* EXERCISE BRIEF
For this exercise, return exactly the lines of the material below that begin at the one with "EMC-VNX5500磁盘阵列开关机操作指南" and stop after the one with "Mohammad trekking on".

>>>>>

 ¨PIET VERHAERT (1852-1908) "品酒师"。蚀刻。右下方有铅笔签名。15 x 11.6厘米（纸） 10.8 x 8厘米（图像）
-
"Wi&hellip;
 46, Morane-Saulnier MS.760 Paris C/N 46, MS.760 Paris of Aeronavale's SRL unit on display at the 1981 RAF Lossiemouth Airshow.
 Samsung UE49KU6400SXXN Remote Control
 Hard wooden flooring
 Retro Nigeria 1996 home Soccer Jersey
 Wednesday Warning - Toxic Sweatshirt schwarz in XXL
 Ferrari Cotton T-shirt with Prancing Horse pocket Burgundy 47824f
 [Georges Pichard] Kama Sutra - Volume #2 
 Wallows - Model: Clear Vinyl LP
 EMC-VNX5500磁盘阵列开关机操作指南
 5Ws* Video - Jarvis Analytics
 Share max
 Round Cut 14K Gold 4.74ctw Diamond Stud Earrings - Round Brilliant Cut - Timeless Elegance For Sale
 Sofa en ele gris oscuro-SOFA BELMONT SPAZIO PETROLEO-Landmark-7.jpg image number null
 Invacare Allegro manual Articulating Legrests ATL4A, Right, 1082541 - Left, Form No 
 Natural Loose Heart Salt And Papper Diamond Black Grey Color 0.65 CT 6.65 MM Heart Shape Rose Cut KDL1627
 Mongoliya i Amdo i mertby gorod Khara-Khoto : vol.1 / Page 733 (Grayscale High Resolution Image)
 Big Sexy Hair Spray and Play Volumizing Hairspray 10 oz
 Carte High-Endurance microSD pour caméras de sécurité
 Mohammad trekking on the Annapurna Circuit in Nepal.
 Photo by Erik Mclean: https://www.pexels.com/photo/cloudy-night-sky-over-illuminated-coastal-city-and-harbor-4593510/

<<<<<

* YOUR RESPONSE
 EMC-VNX5500磁盘阵列开关机操作指南
 5Ws* Video - Jarvis Analytics
 Share max
 Round Cut 14K Gold 4.74ctw Diamond Stud Earrings - Round Brilliant Cut - Timeless Elegance For Sale
 Sofa en ele gris oscuro-SOFA BELMONT SPAZIO PETROLEO-Landmark-7.jpg image number null
 Invacare Allegro manual Articulating Legrests ATL4A, Right, 1082541 - Left, Form No 
 Natural Loose Heart Salt And Papper Diamond Black Grey Color 0.65 CT 6.65 MM Heart Shape Rose Cut KDL1627
 Mongoliya i Amdo i mertby gorod Khara-Khoto : vol.1 / Page 733 (Grayscale High Resolution Image)
 Big Sexy Hair Spray and Play Volumizing Hairspray 10 oz
 Carte High-Endurance microSD pour caméras de sécurité
 Mohammad trekking on the Annapurna Circuit in Nepal.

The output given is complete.